*** Opening Collected data ***
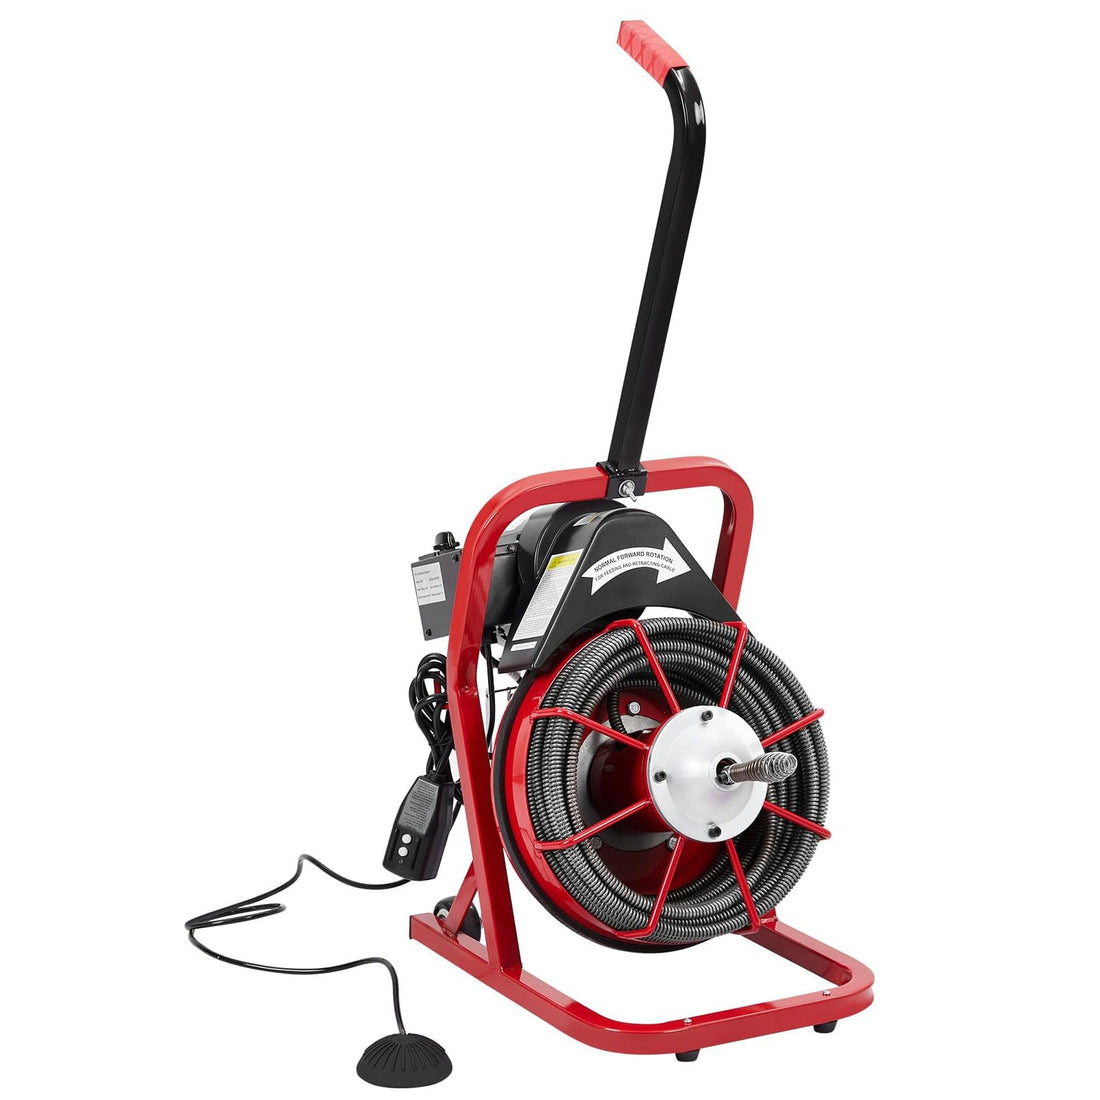 50Ft 3/8 Inch Electric Drain Cleaner Machine for 1-4 Inch Pipes
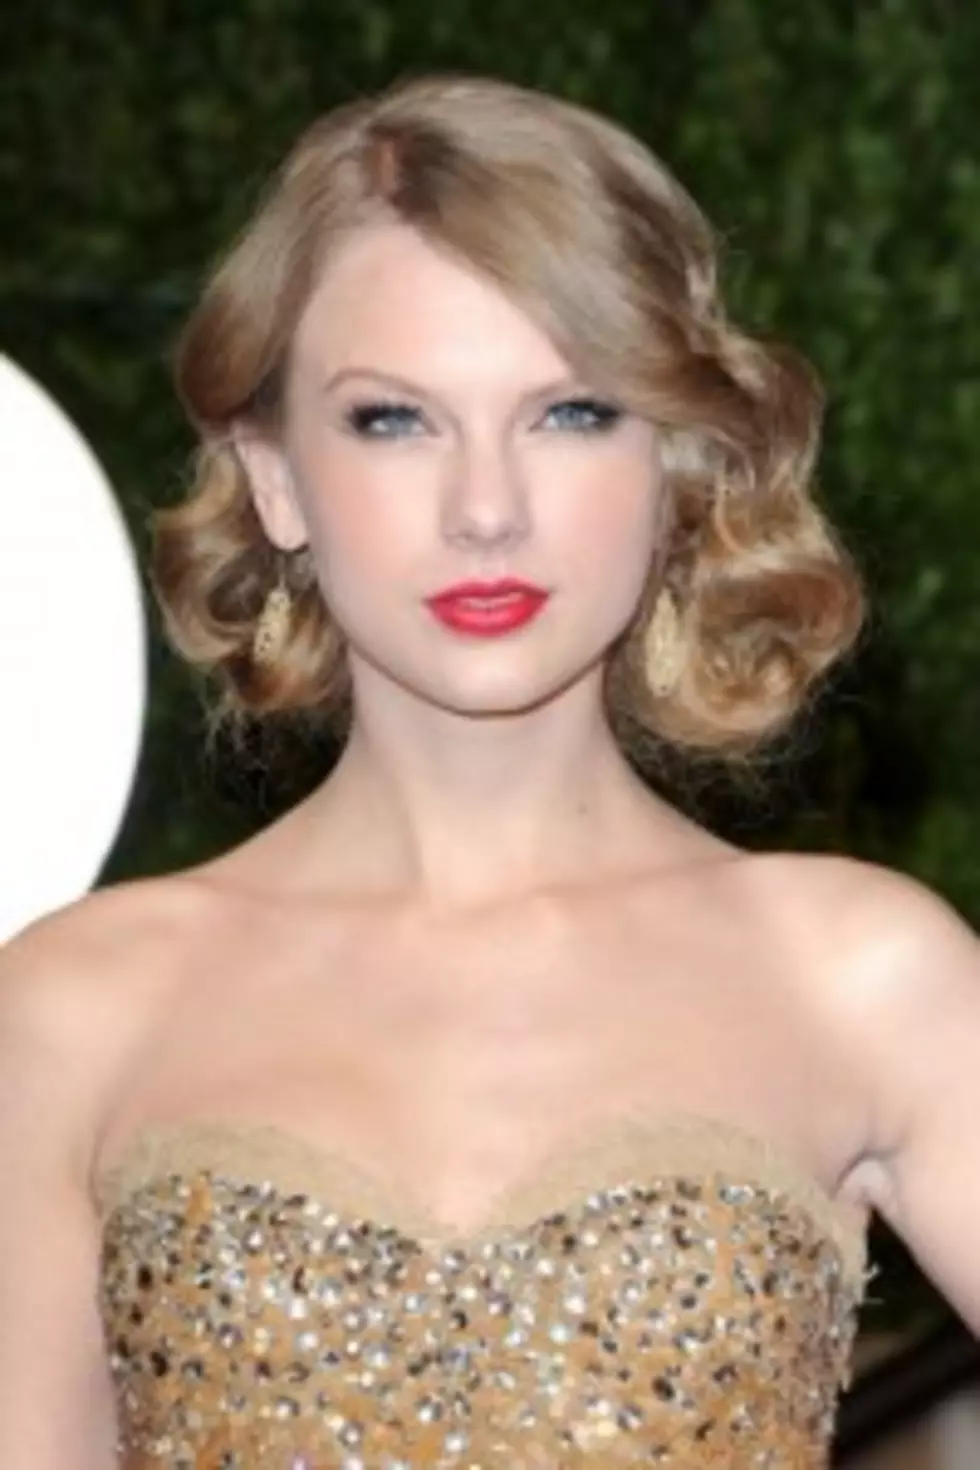 Taylor Swift Coming To Lubbock [VIDEO]
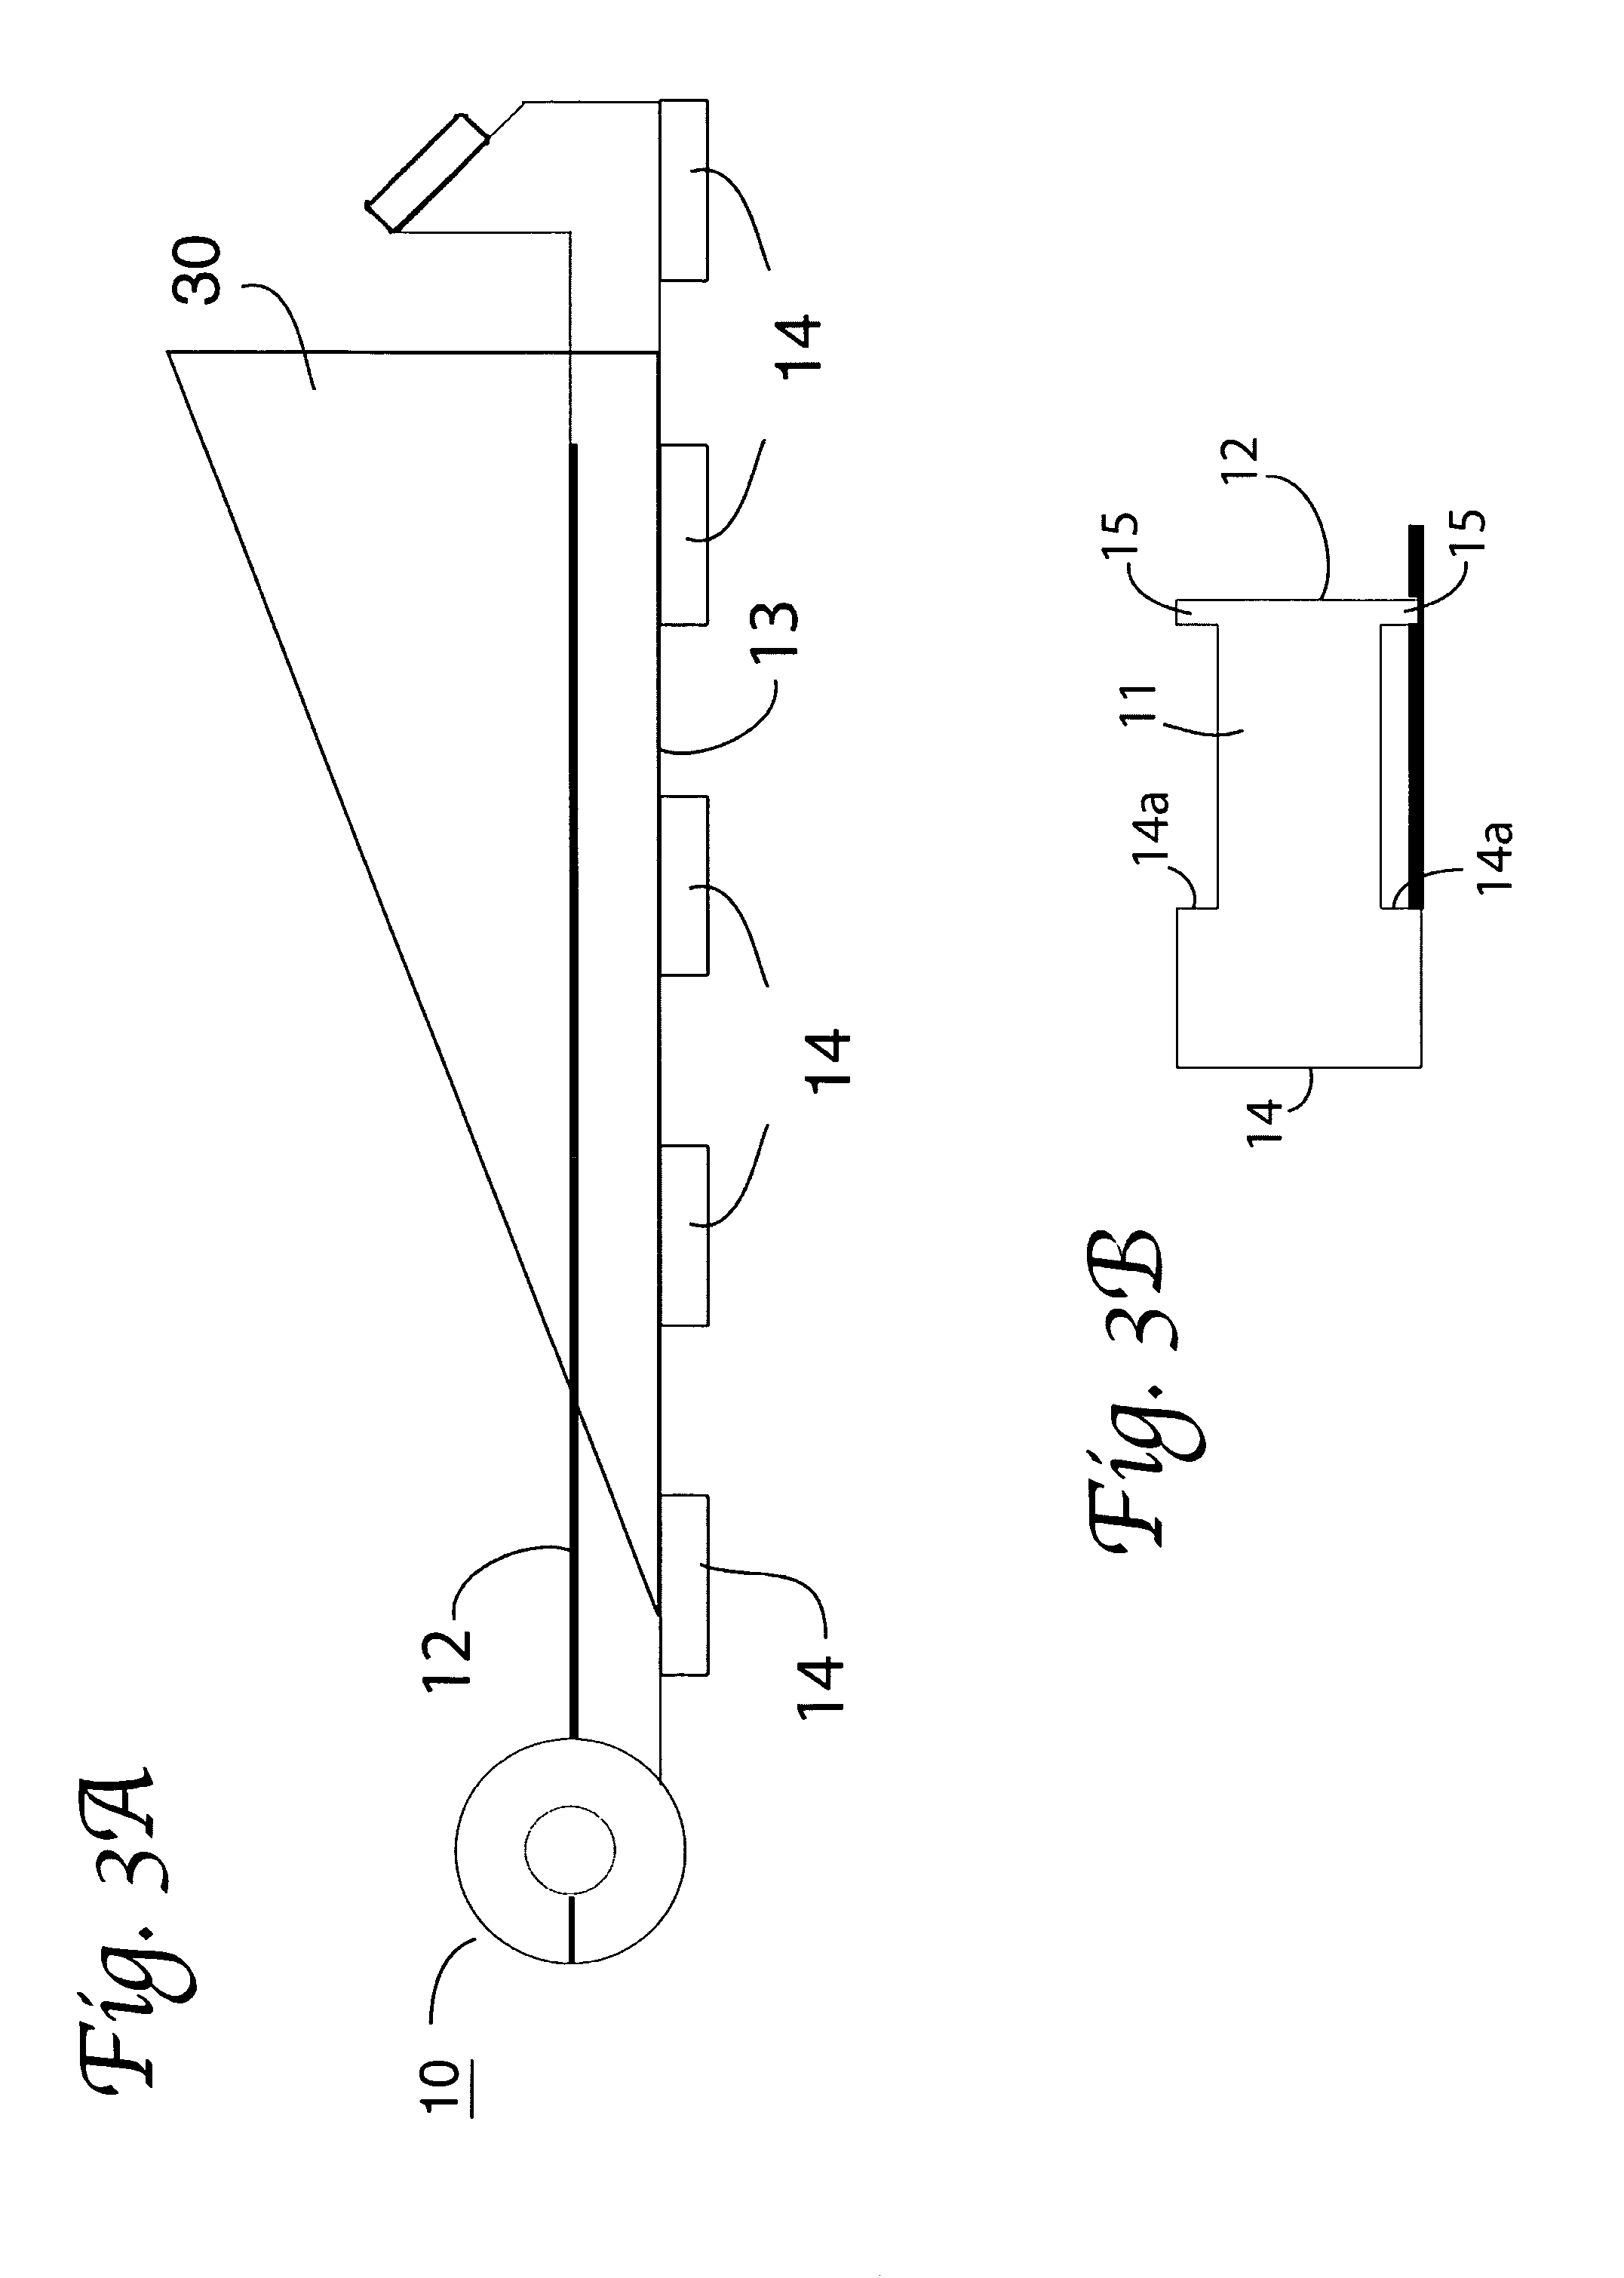 Apparatus for preparing material pieces to be sewn
*** Closing Collected data ***
# Problem to work on
Pictures aside, retype the material exactly.

# Your solution
 50Ft 3/8 Inch Electric Drain Cleaner Machine for 1-4 Inch Pipes
 Taylor Swift Coming To Lubbock [VIDEO]
 Apparatus for preparing material pieces to be sewn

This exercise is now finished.